[PYTHON] Feature Engineering for Machine Learning Beginning with Part 3 Google Colaboratory-Scaling

Introduction

This article discusses scaling and normalization. This article is mainly based on "Features Engineering for Machine Learning". Please check it out if you become.

What is scaling?

The range of numerical data that can be taken may or may not be fixed. Basically, the range of data that can be taken from count data is not fixed, and in the case of a model that is sensitive to the scale of features such as linear regression, learning may not be successful due to outliers or differences in scale between features. .. Unifying the scale in such a case is called scaling. Scaling includes Min-Max scaling, standardization, L2 normalization, etc., so let's introduce them in order.

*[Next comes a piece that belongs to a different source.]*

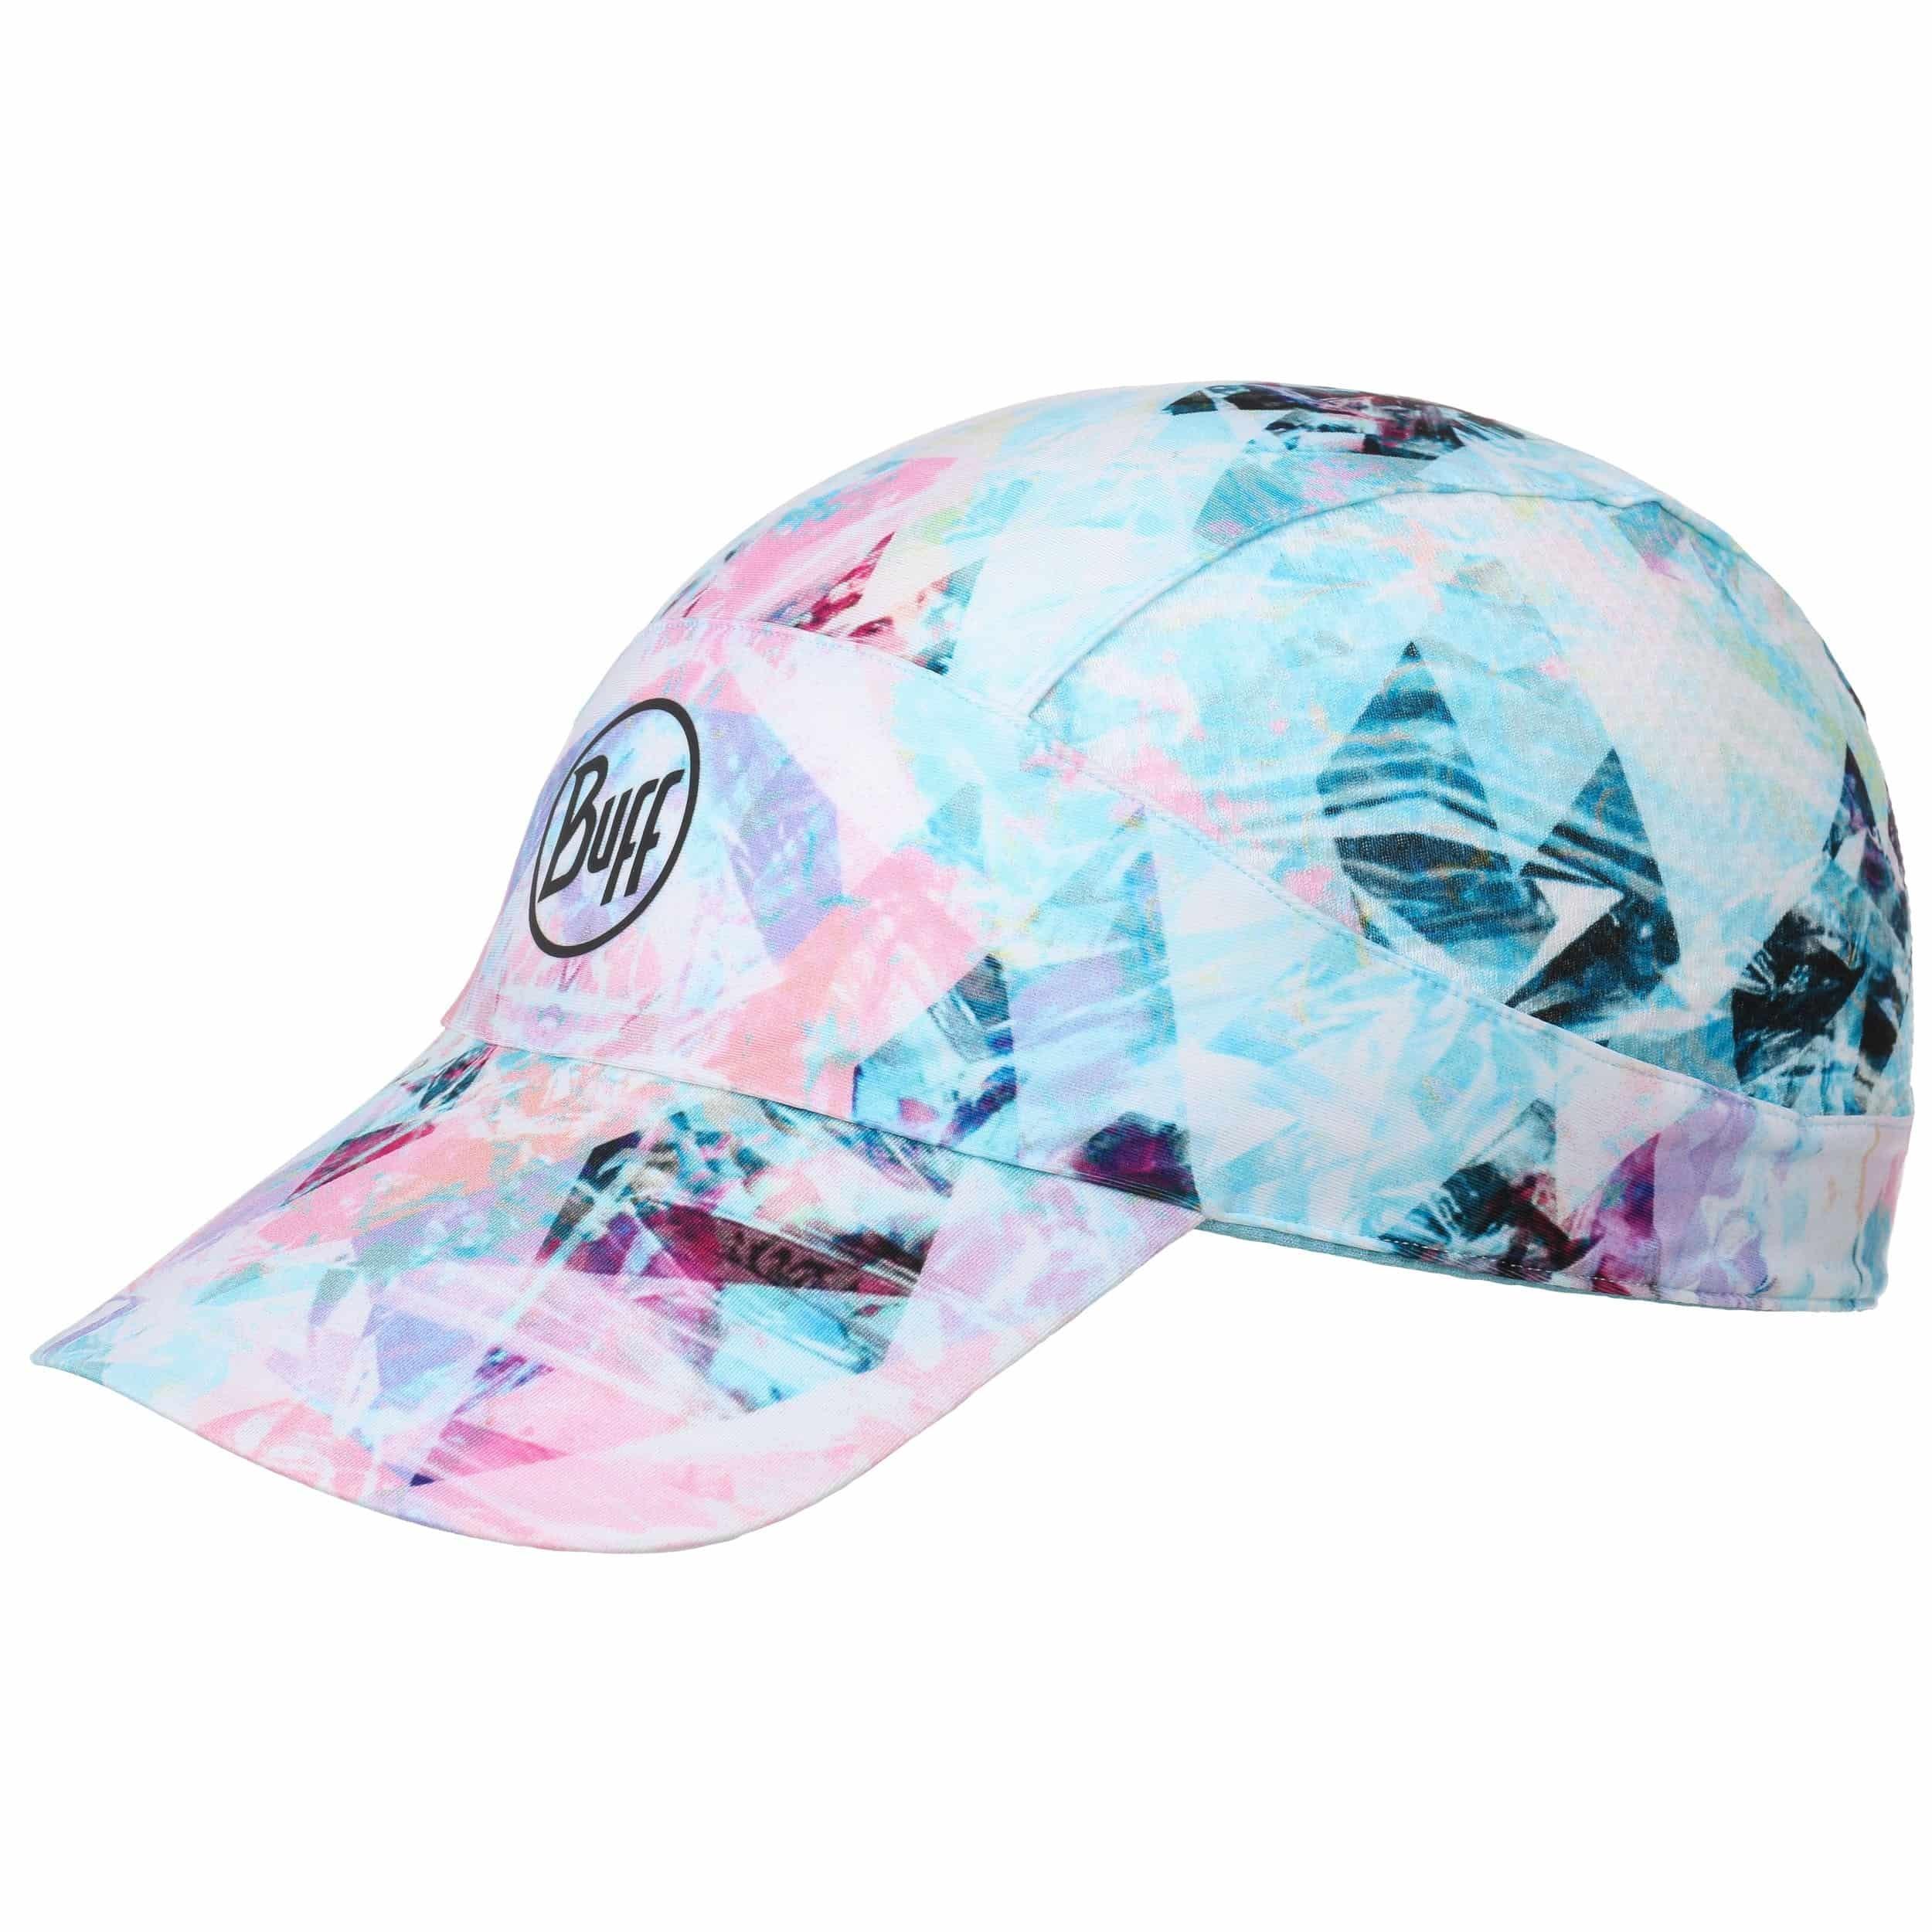 Buff R-Shining Pink Pro Run Cap Baseball Sports

If you want to know more about scaling, please see the article here.

Min-Max scaling

For Min-Max scaling, set the minimum value to 0 and the maximum value to 1. If outliers are included, the range of normal values that can be taken may become too narrow due to the influence of the outliers, so standardization is basically used.

\tilde{x} = \frac{x - min(x)}{max(x) - min(x)}
import numpy as np
import pandas as pd
from sklearn.preprocessing import MinMaxScaler

##Random number fixed
np.random.seed(100)
data_array = []
for i in range(1, 100):
  s = np.random.randint(0, i * 10, 10)
  data_array.extend(s)
data_array.extend(np.zeros(100))
data = pd.DataFrame({'Listen Count': data_array})

print(data.max()) # 977.0
print(data.min()) # 0

scaler = MinMaxScaler()
data_n = scaler.fit_transform(data)
data_n = pd.DataFrame(data_n)

print(data_n.max()) ## 1.0
print(data_n.min()) ## 0

Standardization

In standardization, the mean is 0 and the variance is 1. If the original feature has a normal distribution The standardized feature has a standard normal distribution.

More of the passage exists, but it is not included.